Leave the pictures out, and transcribe the material below exactly from the line with "SSAB-logo.png" to the line with "Lepiota magnispora, known", both lines included.

# Listed entries:
-=-=-=-=-

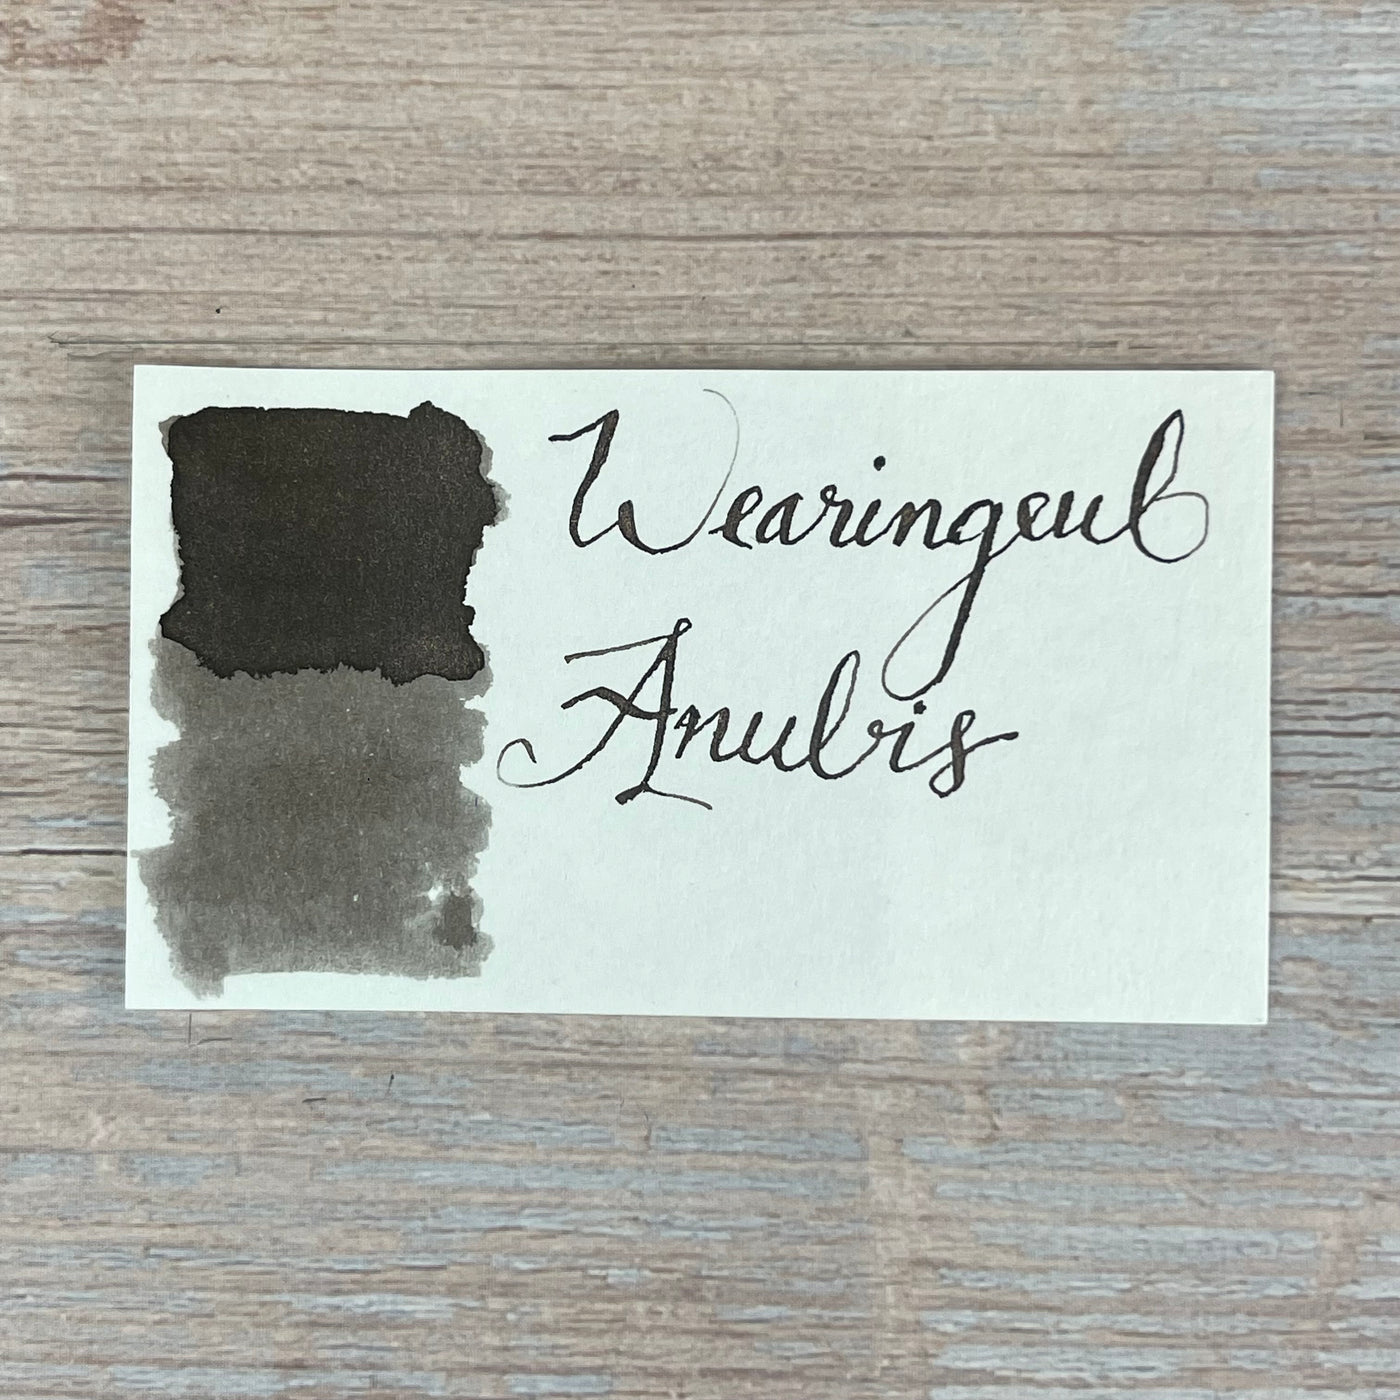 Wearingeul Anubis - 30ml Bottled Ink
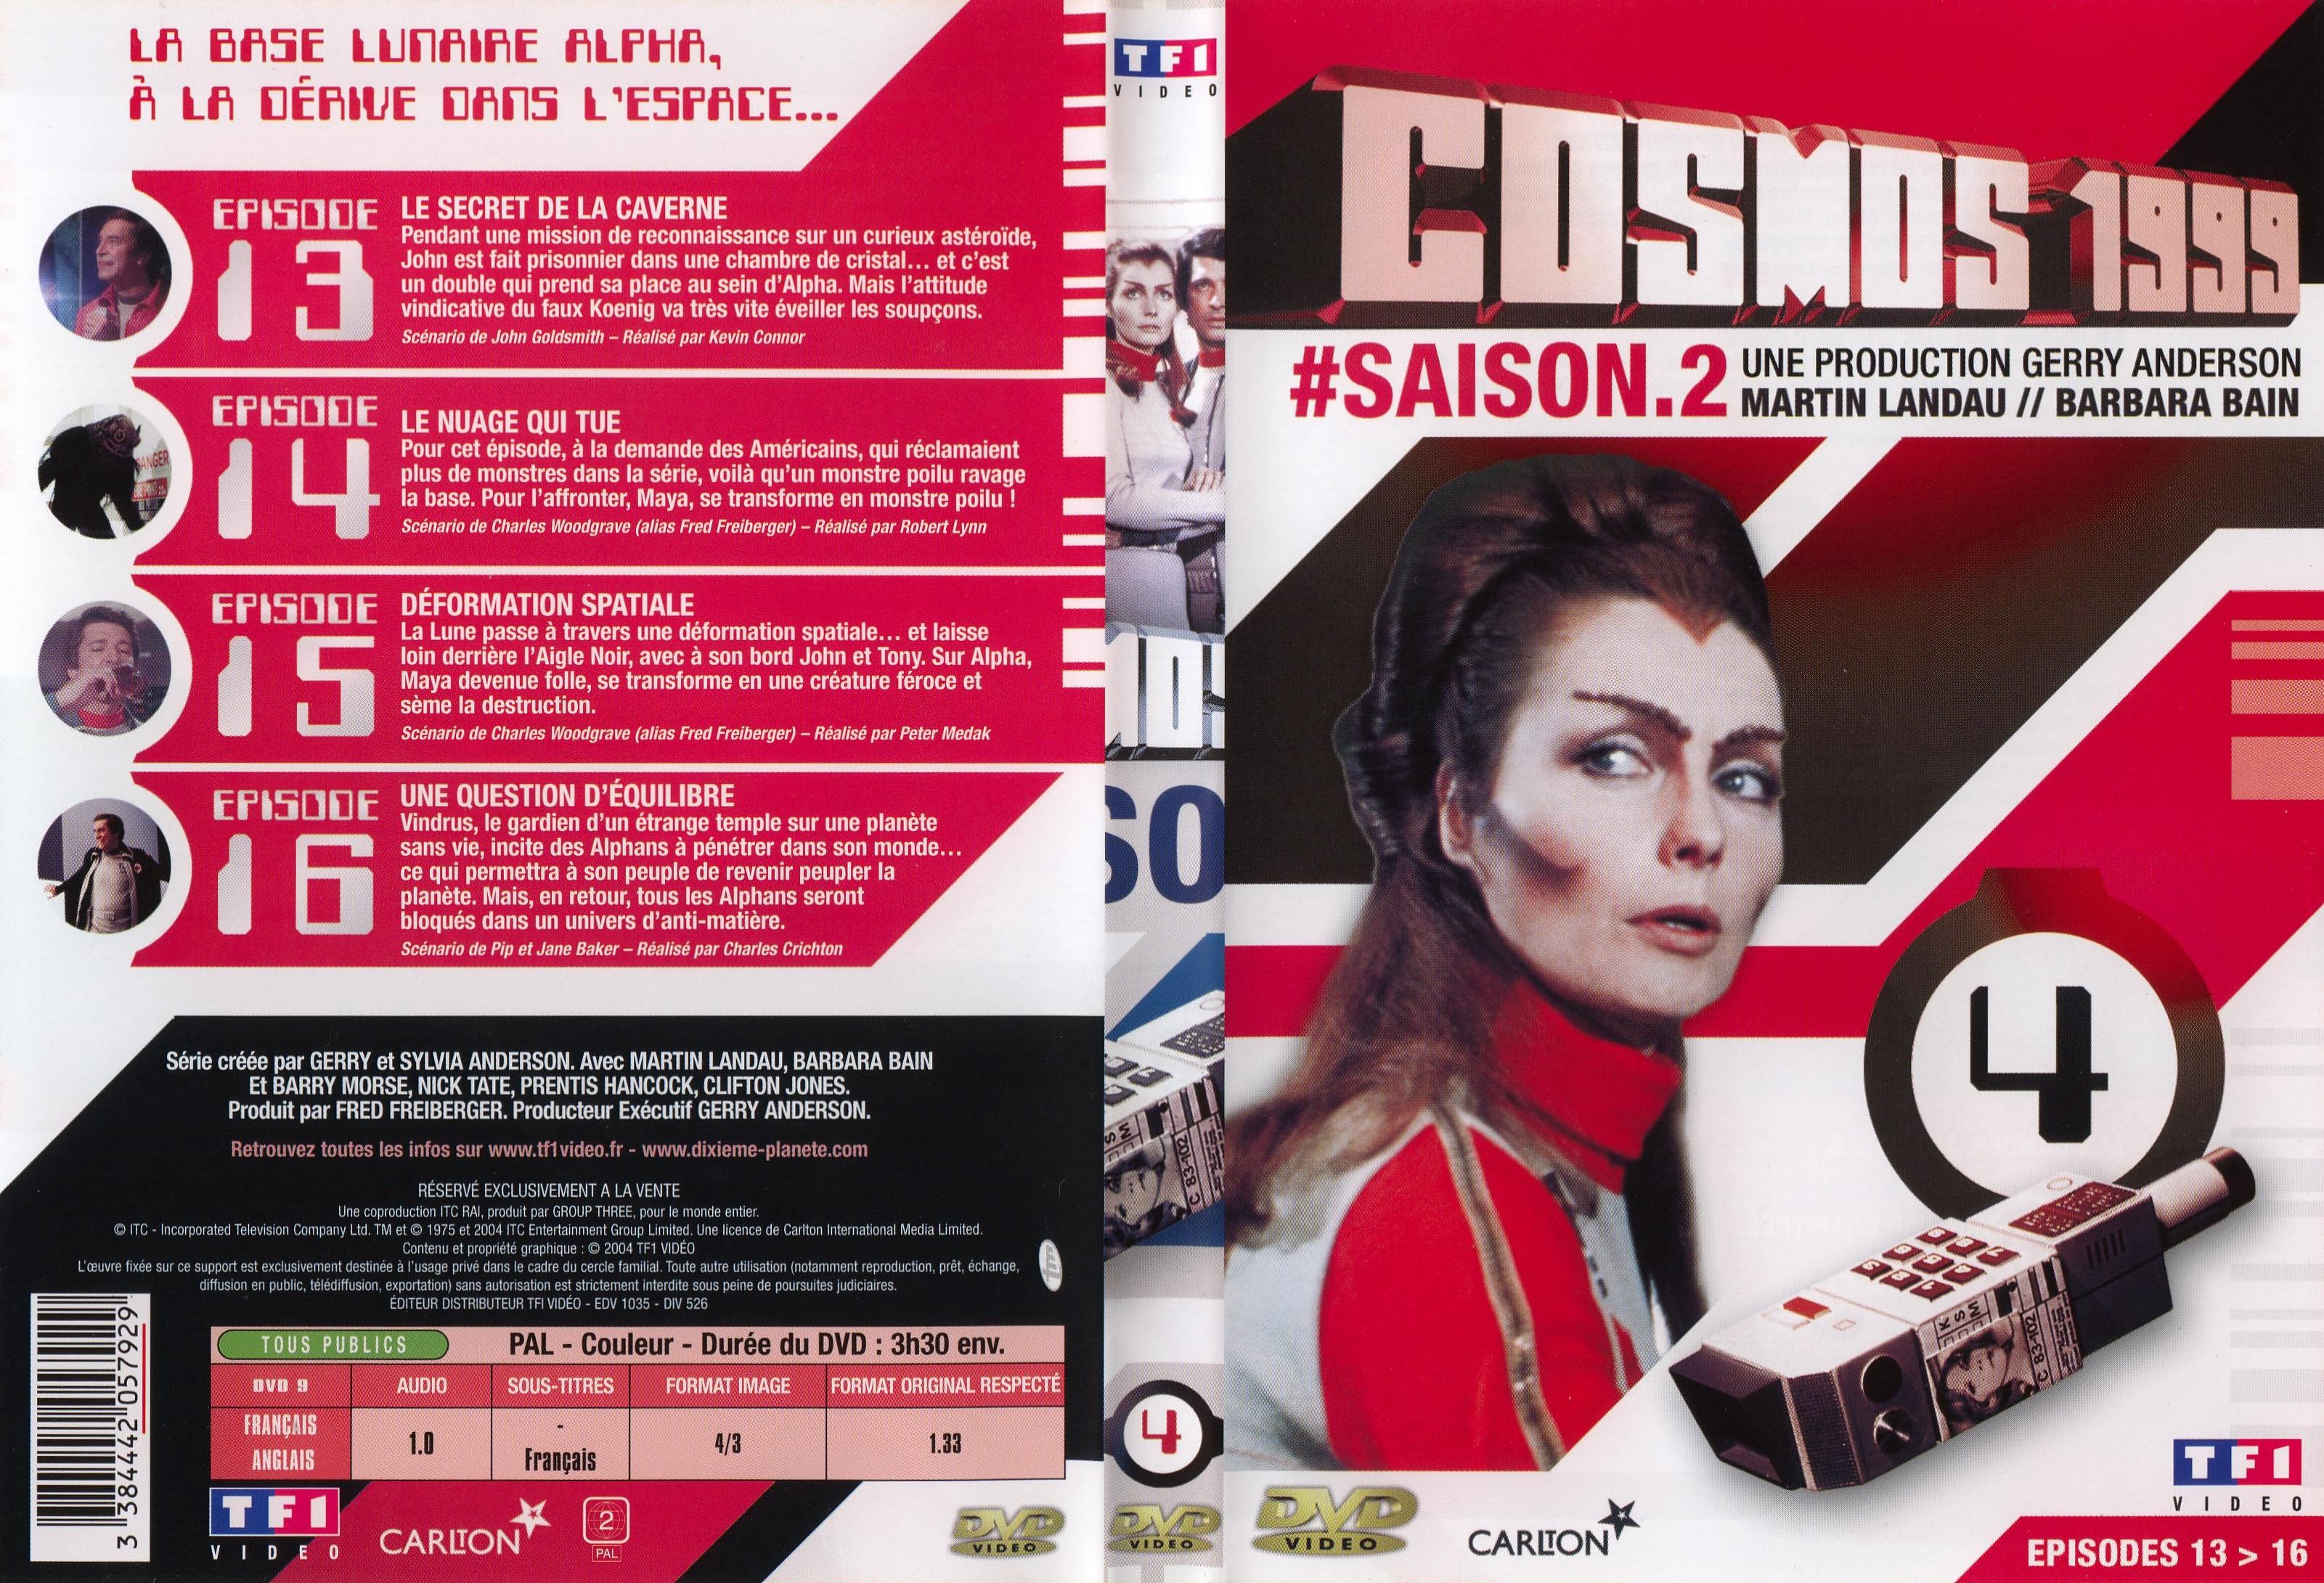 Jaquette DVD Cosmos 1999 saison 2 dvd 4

-=-=-=-=-

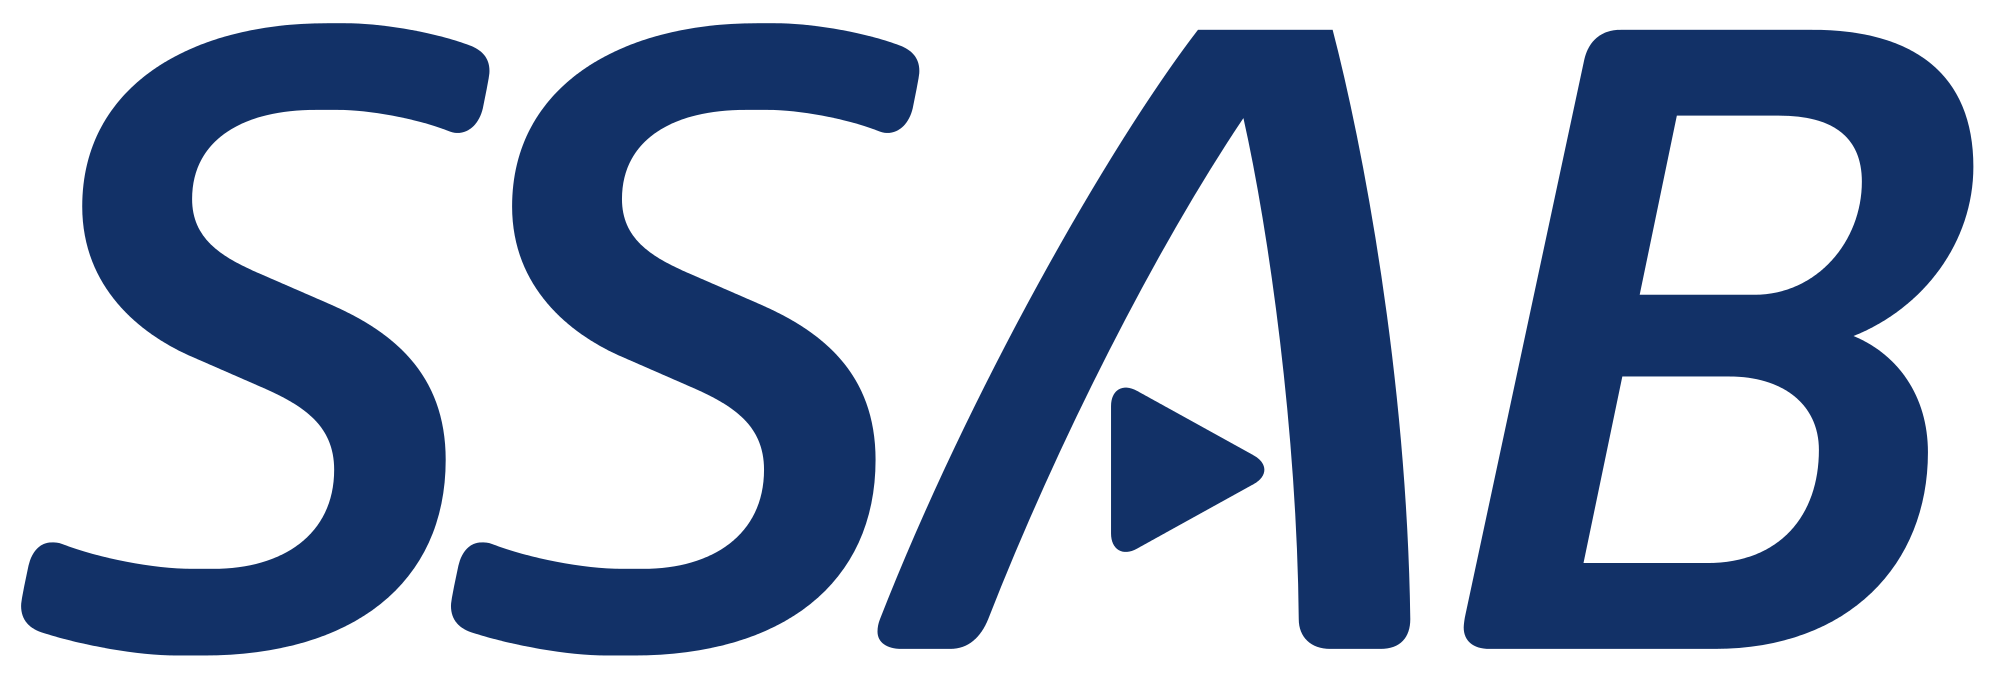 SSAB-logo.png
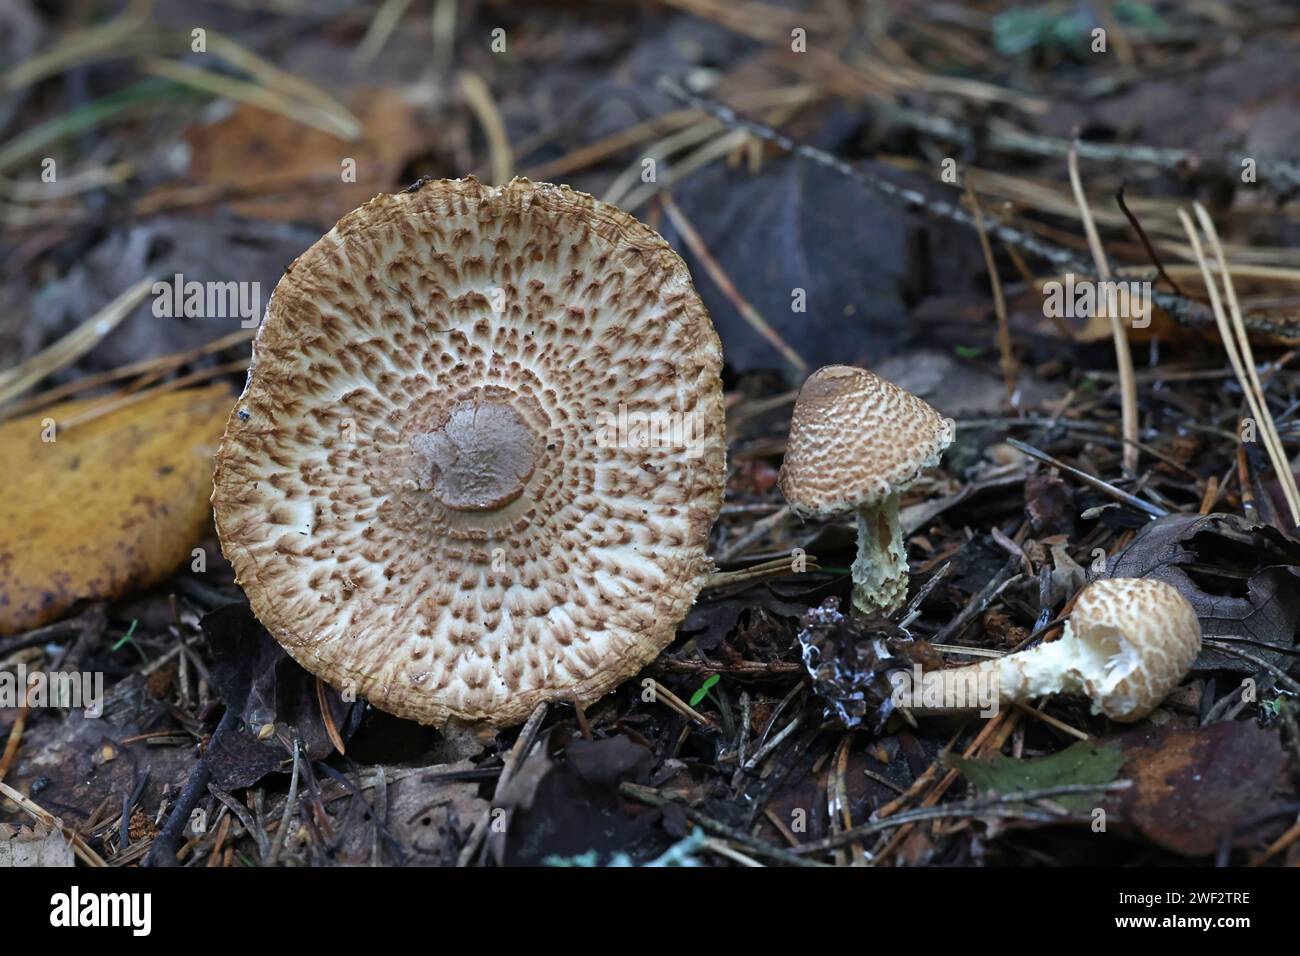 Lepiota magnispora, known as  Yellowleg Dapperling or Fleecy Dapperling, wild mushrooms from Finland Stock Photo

-=-=-=-=-

# Reply:
 SSAB-logo.png
 Lepiota magnispora, known as  Yellowleg Dapperling or Fleecy Dapperling, wild mushrooms from Finland Stock Photo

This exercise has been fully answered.